Simplified LazyDict (the real one actually stores callbacks to
generate values, but this is enough to show the problem--my real one
implements a lot more dict methods, but still doesn't work):

class LazyDict(dict):
def __init__(self):
dict.__init__(self)
self.special_keys={}
def addLazy(self, key, val):
if dict.has_key(self, key):
dict.__delitem__(self, key)
self.special_keys[key]=val
def has_key(self, key):
return self.__contains__(key)
def __contains__(self, key):
if dict.has_key(self, key):
return 1
elif dict.has_key(self.special_keys, key):
return 1
else:
def __getitem__(self, key):
if dict.has_key(self, key):
return dict.__getitem__(self, key)
elif key in self.special_keys.keys():
self[key]=self.special_keys[key]
del self.special_keys[key]
return dict.__getitem__(self, key)
return 0

e.g. put the above in LSimple.py and:

>>> def g(foo):
... print foo
...
>>> a=LSimple.LazyDict()
>>> a.addLazy("foo", 2)
>>> g(**a)
Traceback (most recent call last):
File "<stdin>", line 1, in ?
TypeError: g() takes exactly 1 argument (0 given)
>>> a["foo"]
2
>>> g(**a)
2
>>>

Thanks for your time.

[Larry Bates]

Remember that ** syntax passes each member of the
dictionary as a separate keyword argument.

I think you meant to write:

def g(**foo):
print foo

But this seems odd construct. Telling Python to
split a dictionary into separate arguments and then
telling it to reassemble the into a dictionary in
the function.
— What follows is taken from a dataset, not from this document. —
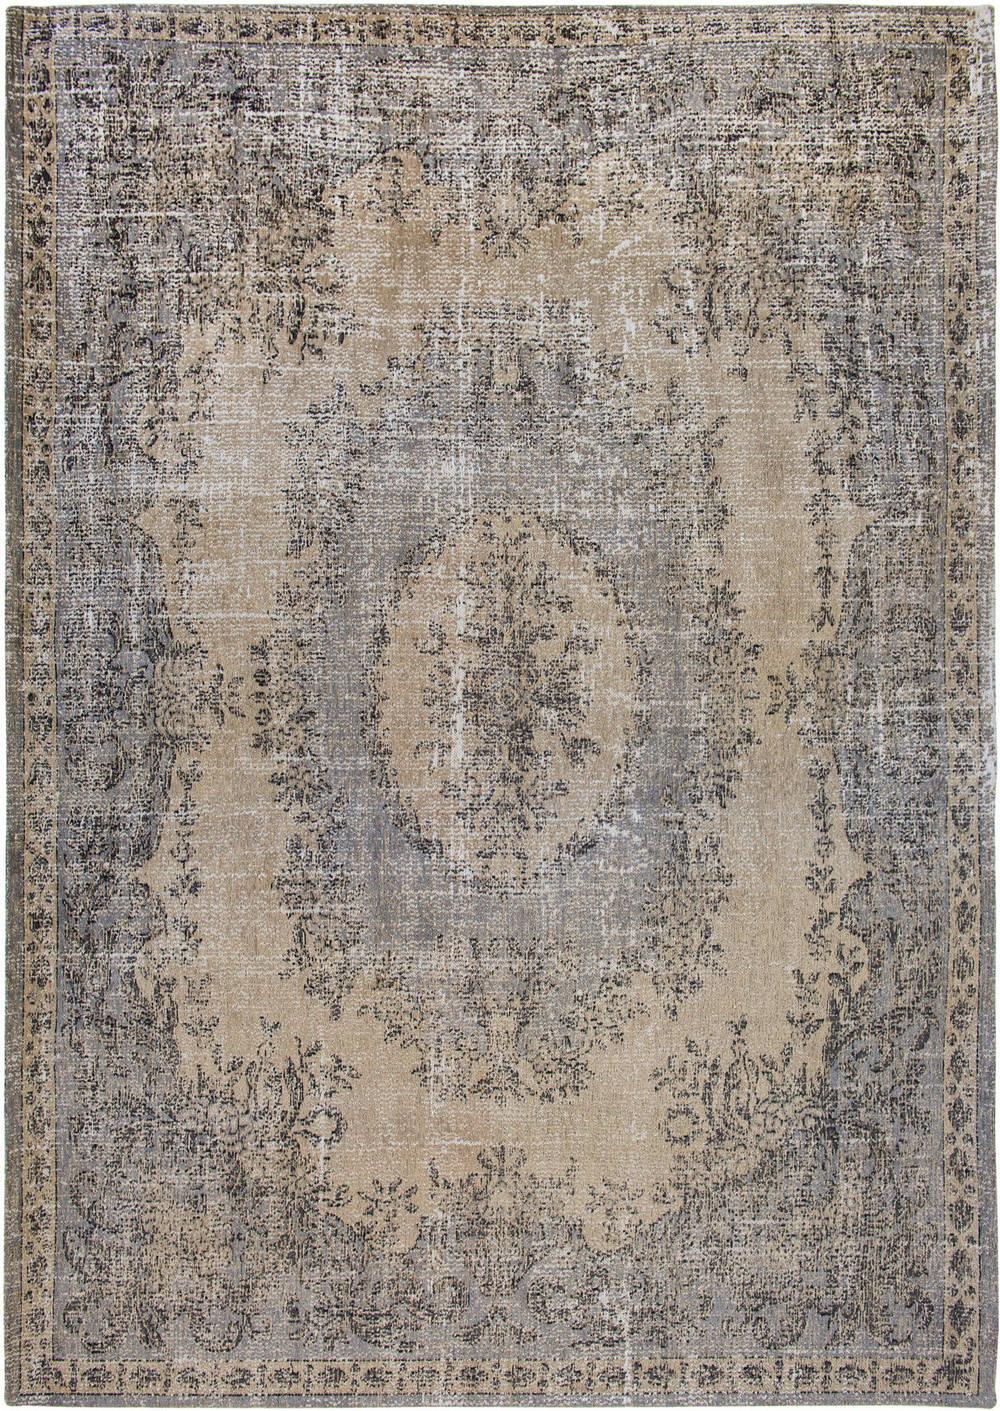 Vloerkleed Louis de Poortere Palazzo Colonna Taupe 9138

You should consider just passing
the instance of the dictionary and skip all the **
(but this might just be a trivial example).

HTH,
Larry Bates
Syscon, Inc.

"G. S. Hayes" <sjde...@yahoo.com> wrote in message
news:96c2e938.04062...@posting.google.com...

[Christopher T King]

> My question is, what methods do I need to implement to make ** work on
> a custom dictionary-like object, or is it not possible?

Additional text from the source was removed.